Lines from the one with "Galco Scout 3.0 IWB Holster - GLOCK 19" to the end of the material, both included: print them exactly and print nothing else. Omit the pictures.

> _Collected data_:
#####
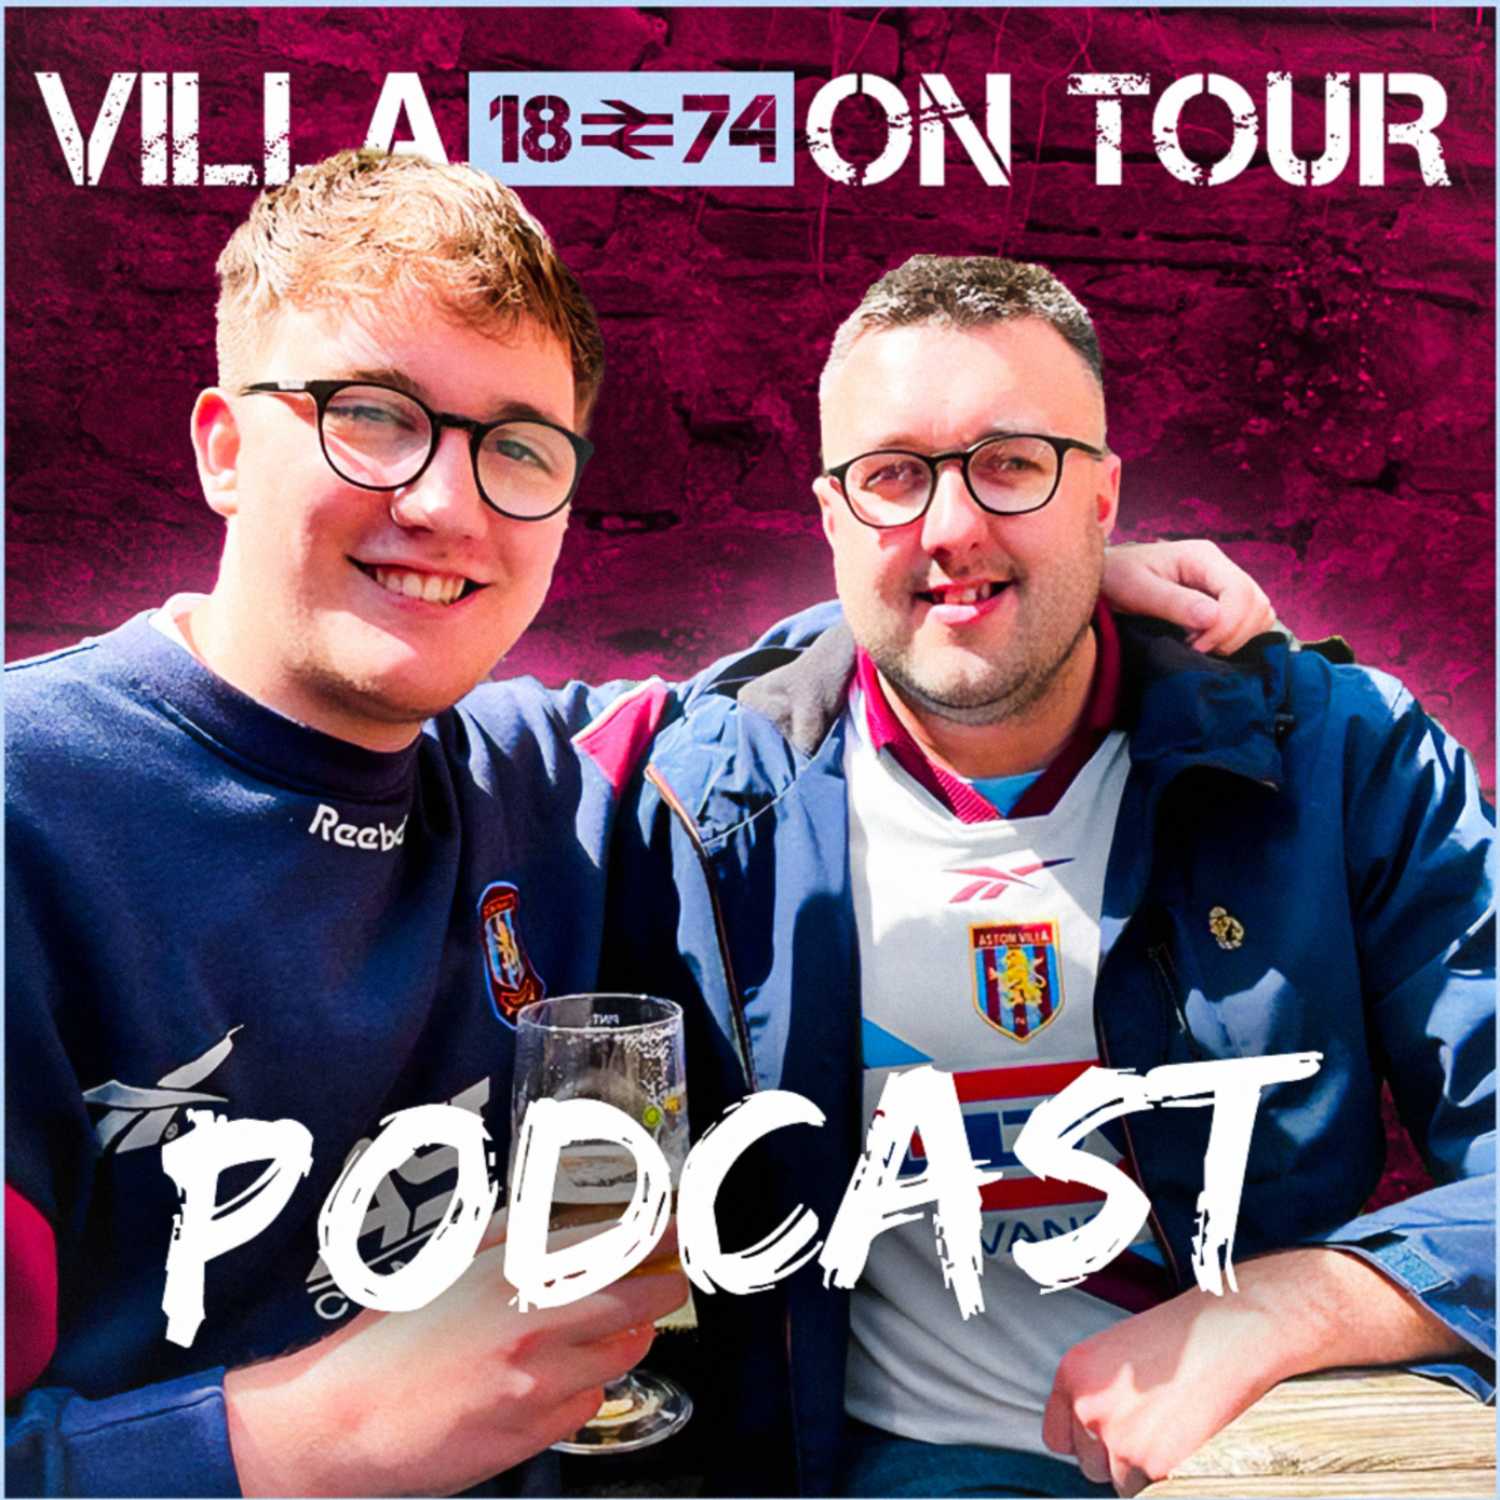 INSIDE THE AWAY END: Brilliant Villa secure another awayday win at Burnley
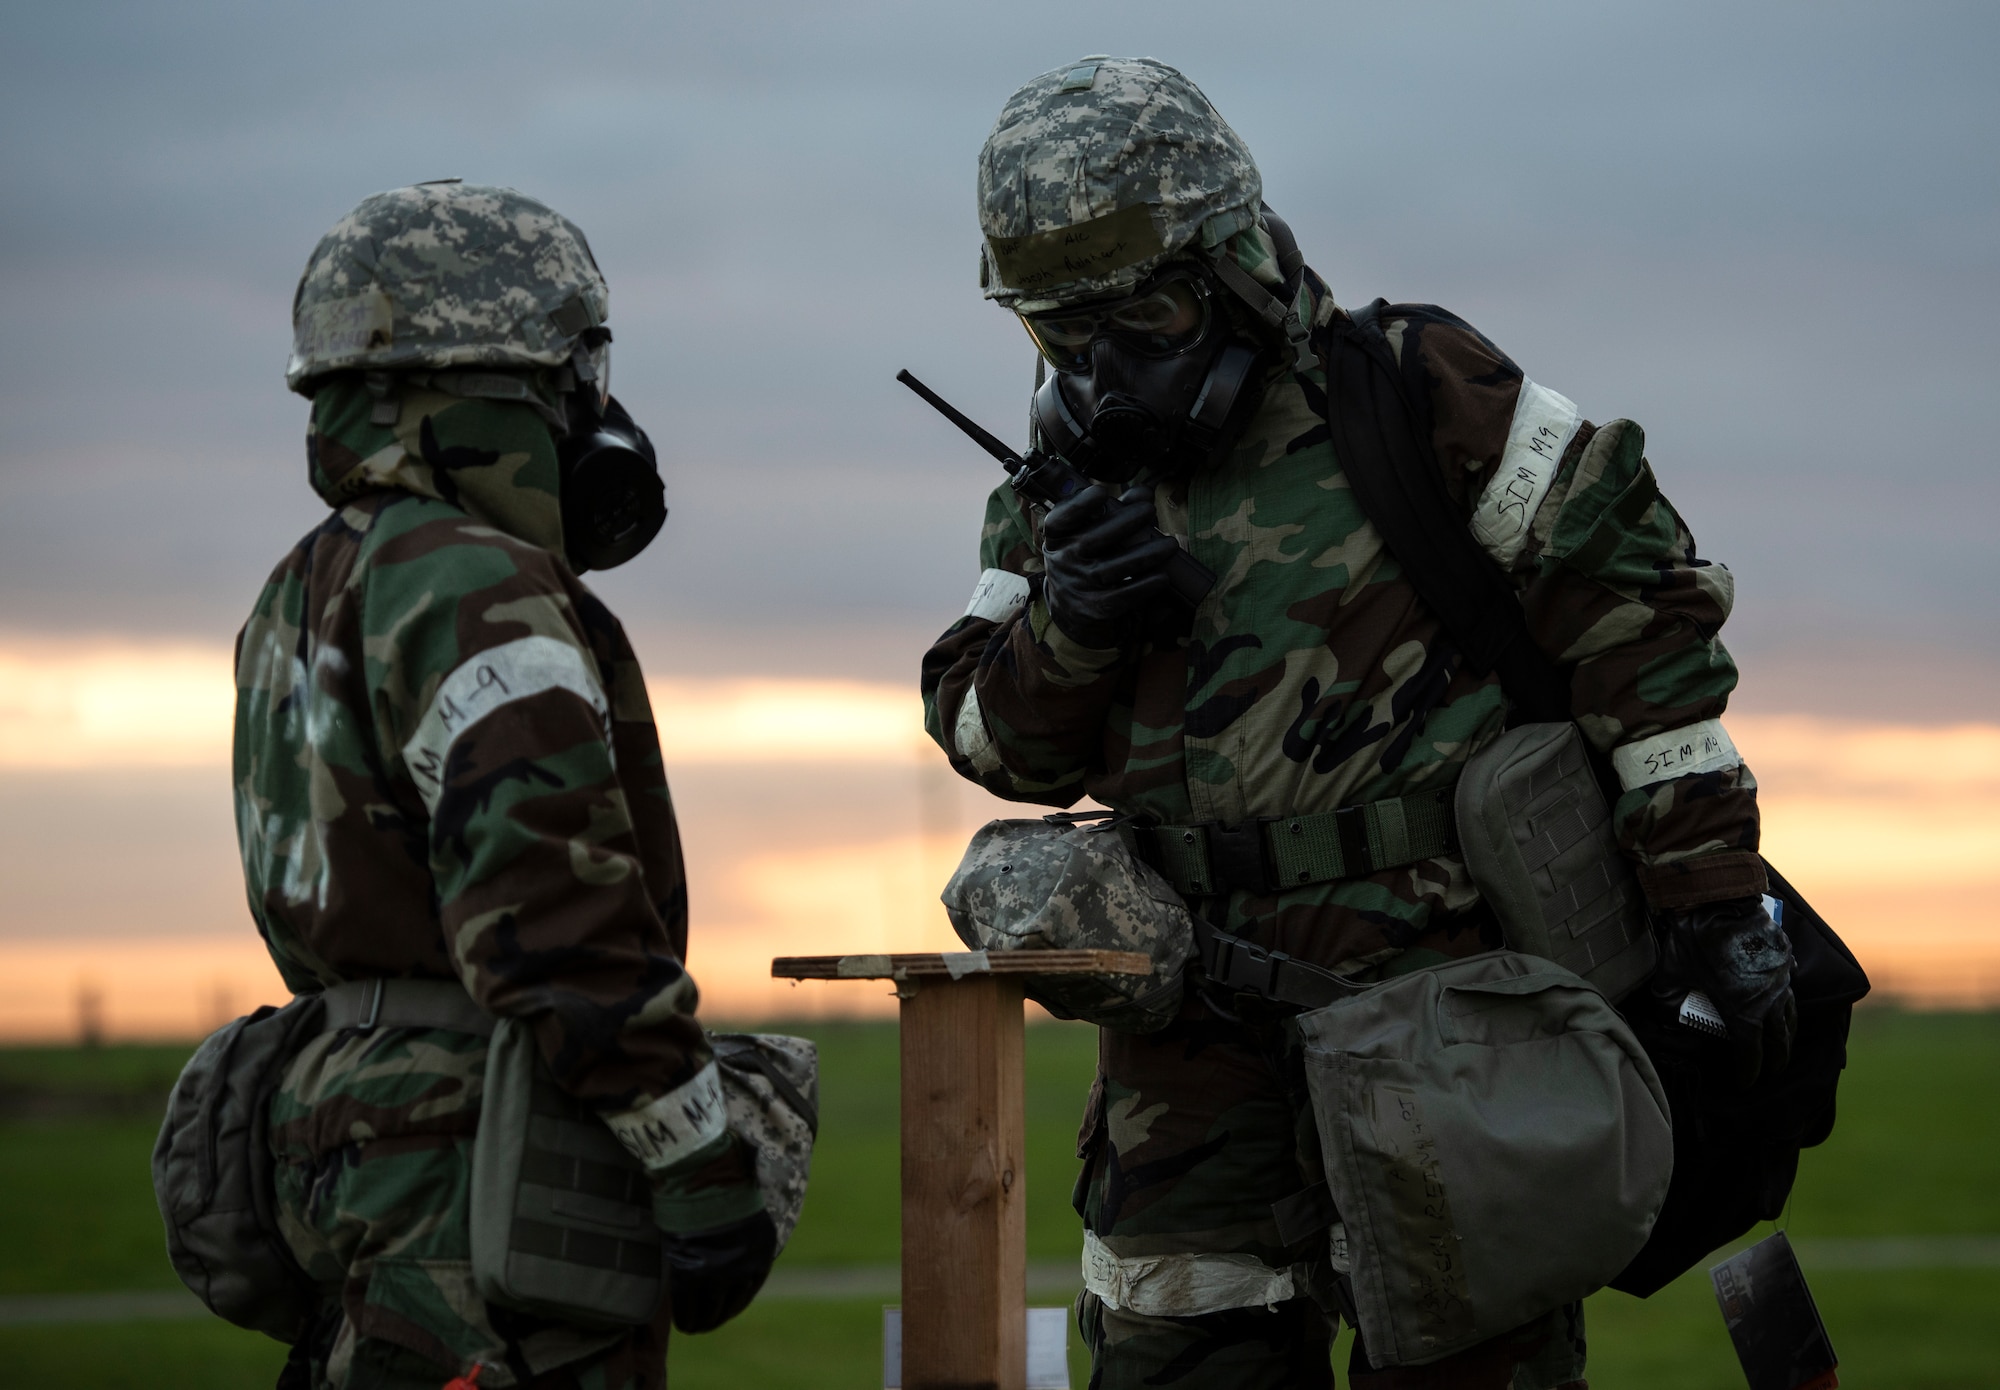 U.S. Air Force Airmen assigned to the 48th Civil Engineering Squadron perform post-attack reconnaissance sweeps during a readiness training at Royal Air Force Feltwell, Nov. 4, 2020. CES Airmen must maintain the ability to operate in all contingency environments through teamwork and practical application. (U.S. Air Force photo by Airman 1st Class Jessi Monte)
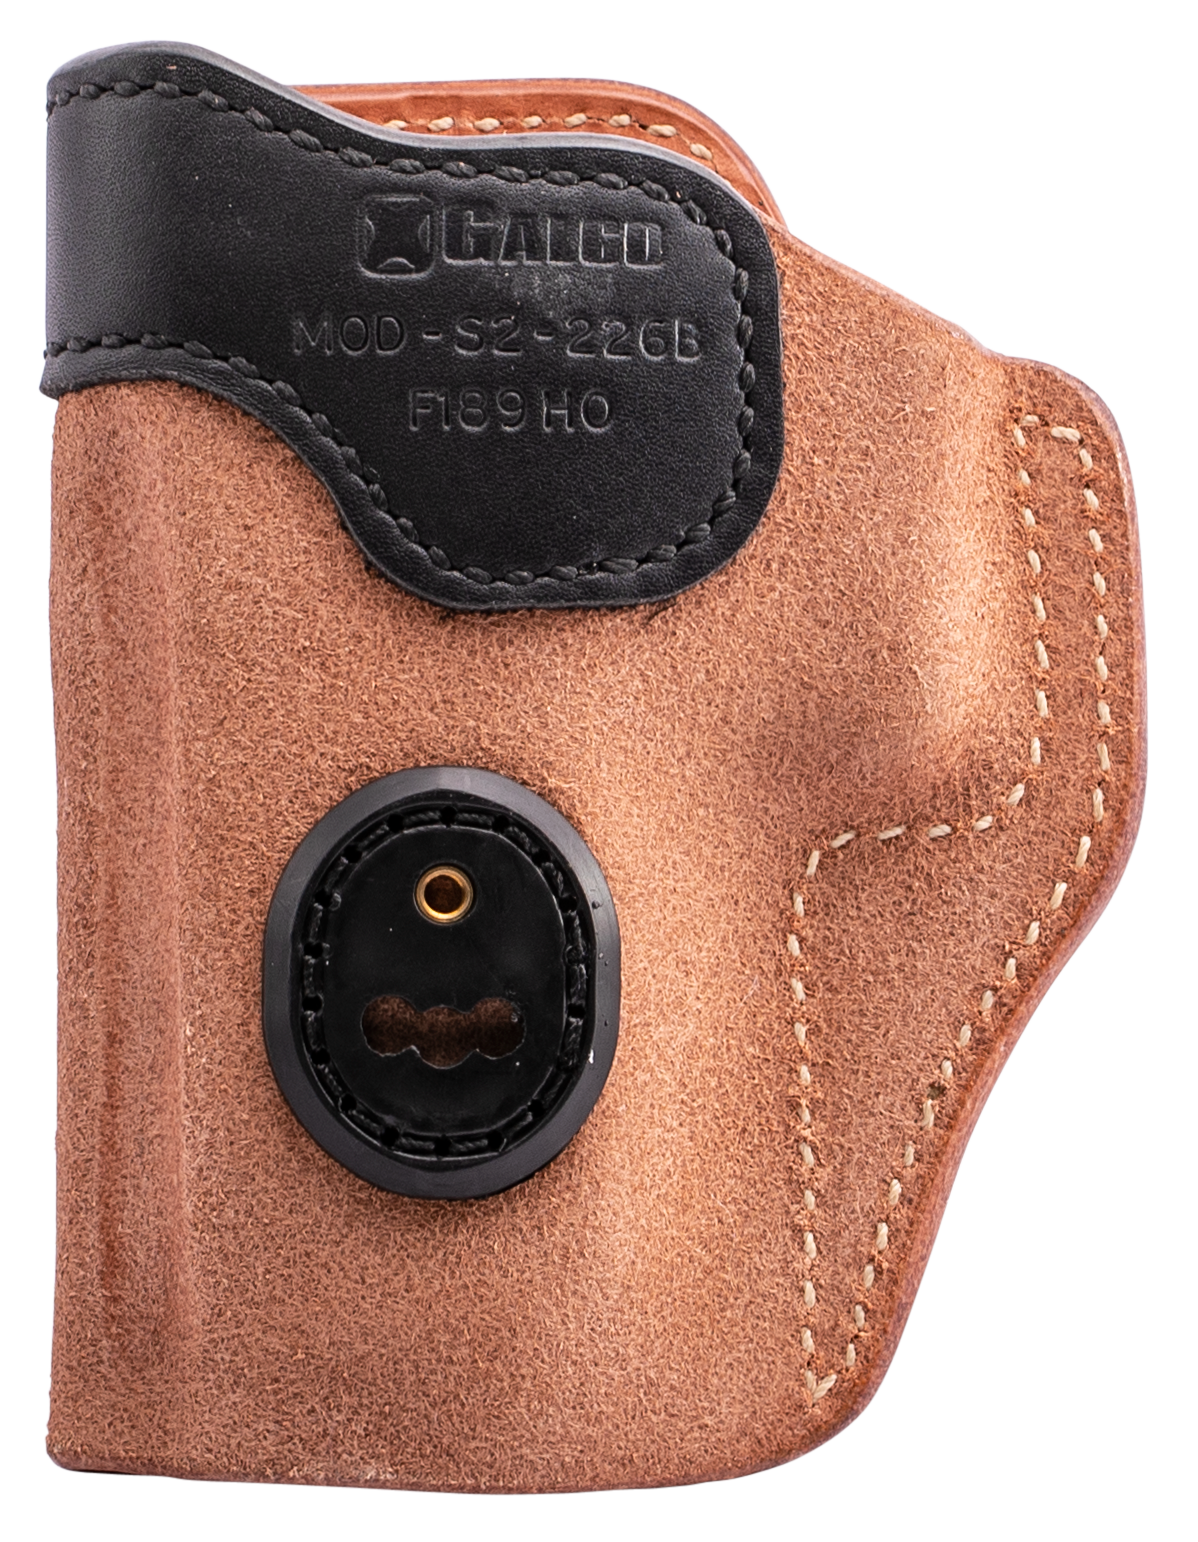 Galco Scout 3.0 IWB Holster - GLOCK 19
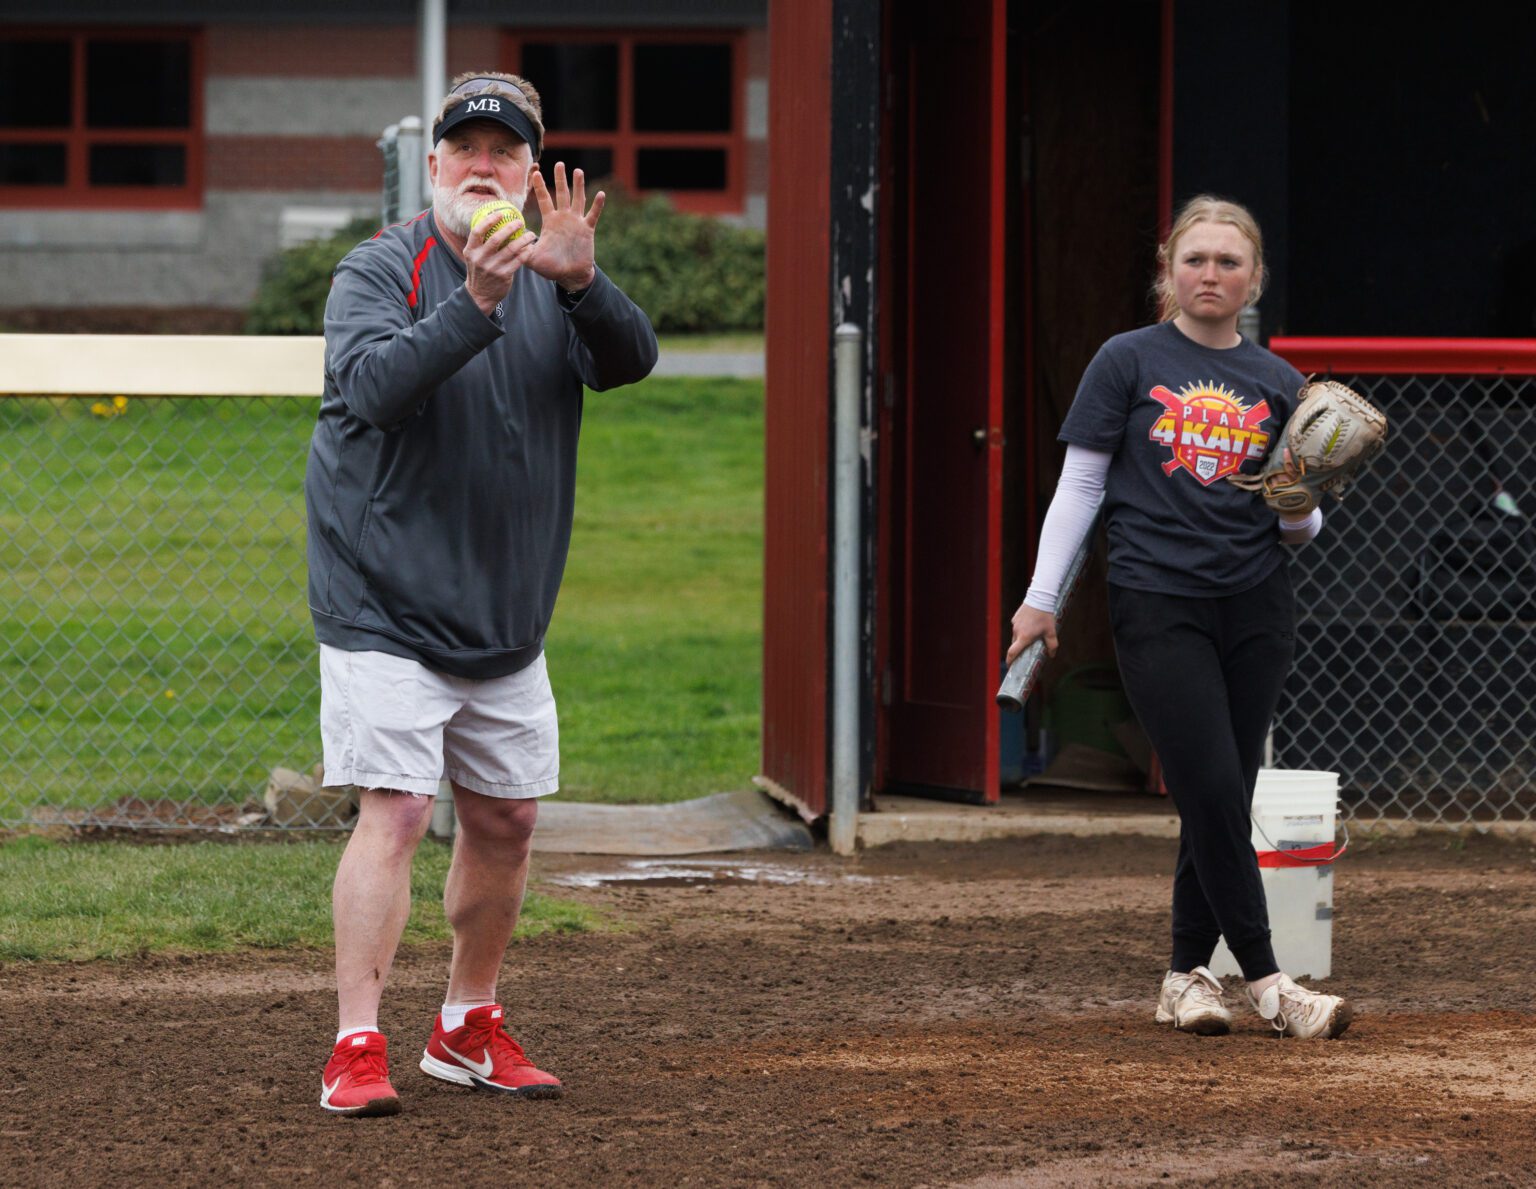 Mount Baker softball coach Ron Lepper demonstrates how to set up for the throw while catching the ball during practice.
#####
> _Reply to the exercise_:
 Galco Scout 3.0 IWB Holster - GLOCK 19
 Mount Baker softball coach Ron Lepper demonstrates how to set up for the throw while catching the ball during practice.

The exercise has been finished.